Search code examples
pythonpython-3.xstringnlpspacy

How to use implemented labels on spaCy for each word?


What I would like to do

I would like to extract word which is given specific label on spaCy, natural language OSS.

specific labels on spaCy

On the below case, I hope to print the word English because the label LANGUAGE is selected.

English

Problem

There is no sample code for extracting labels on each word.

How can I fix the below error?

TypeError: Argument 'string' has incorrect type (expected str, got spacy.tokens.token.Token)

Current Code

import spacy
from spacy import displacy
nlp = spacy.load("en_core_web_sm")

words = ['America', 'American', 'Christmas', 'English']
words = nlp(words)
for w in words:
    if w.label_=="LANGUAGE":
        print(w) #English

What I tried

I've chacked each label and sample code for visualization.

Additionally, non-sentence input, ` was executable on the spaCy vizualizer on the web browser.

output

American NORP speaks English LANGUAGE and celebrates Christmas DATE in America GPE .
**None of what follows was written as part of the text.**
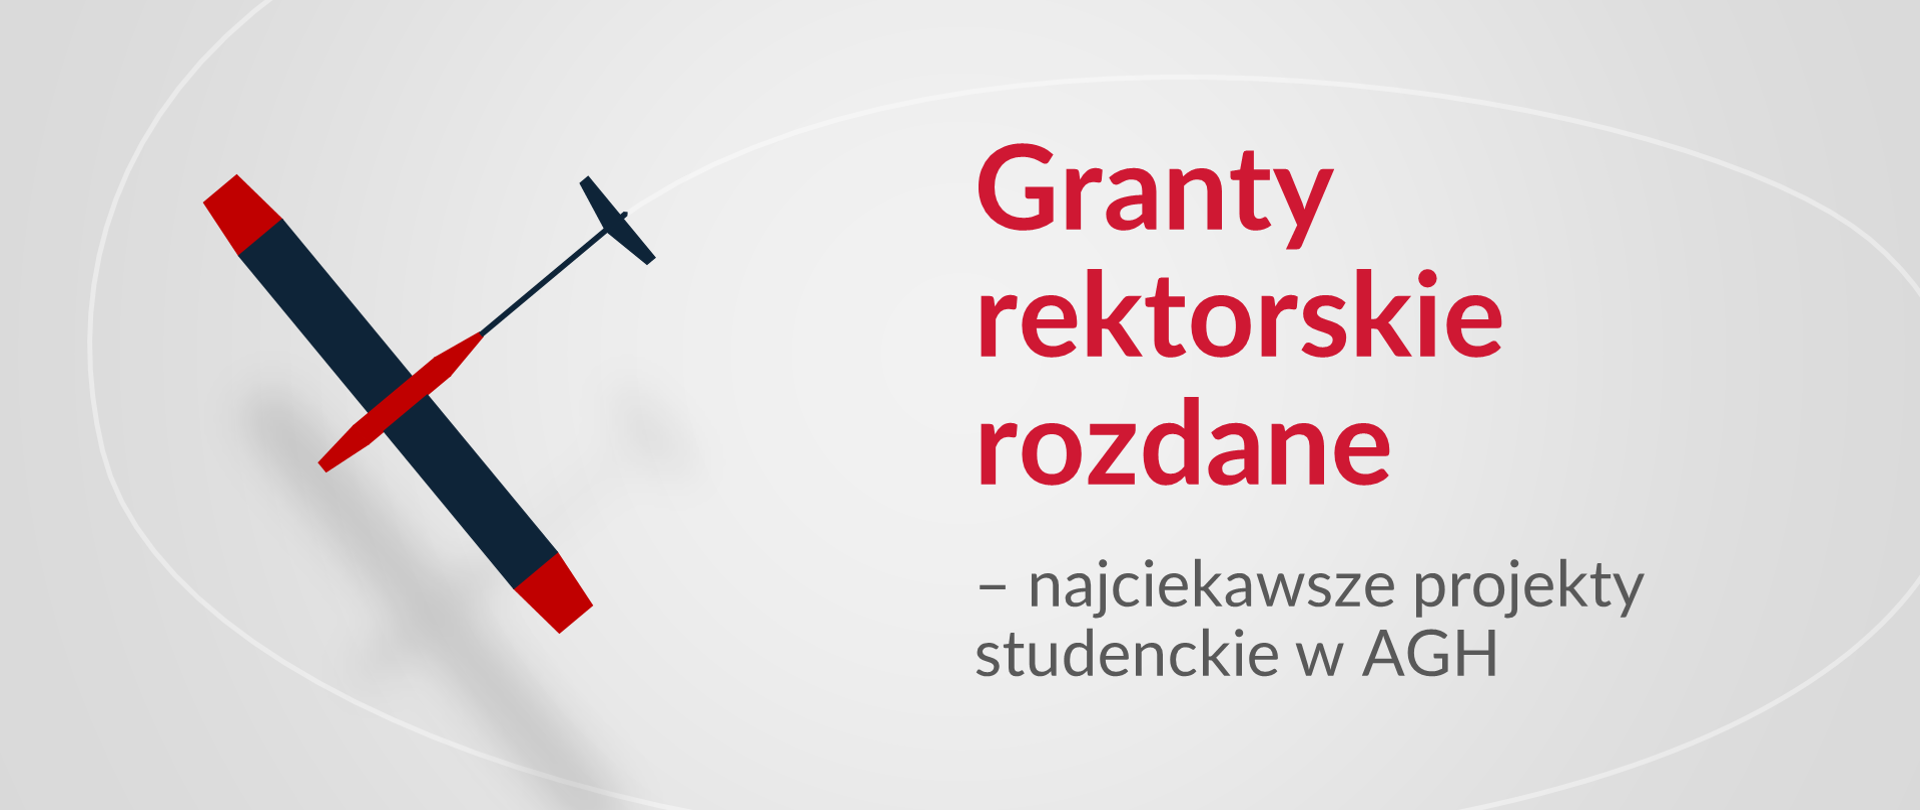 Ikona granatowo-czerwonego szybowca po lewej stronie. Z prawej strony napis: Granty rektorskie rozdane - najciekawsze projekty studenckie w AGH.

This code is from the sample code on the spaCy homepage. code

import spacy
from spacy import displacy
nlp = spacy.load("en_core_web_sm")

text = "American speaks English and celebrates Christmas in America."
doc = nlp(text)
displacy.serve(doc, style="ent")

Solution

  • You can do as follow:

    import spacy
    nlp = spacy.load("en_core_web_sm")
    
    words = ['America', 'American', 'Christmas', 'English']
    words = nlp('. '.join(words) + '.')
    for w in words.ents:
        if w.label_=="LANGUAGE":
            print(w.text) #English
    

    Keep in mind that spacy finds named entities in the text by looking at the whole context and grammar. For instance, one named entity could be "The United States of America", which are 4 words. If you wish to look word by word then you would need to give the right grammatical sense to that "text". That is why I have separated the text (your list of words) by using a period after each word.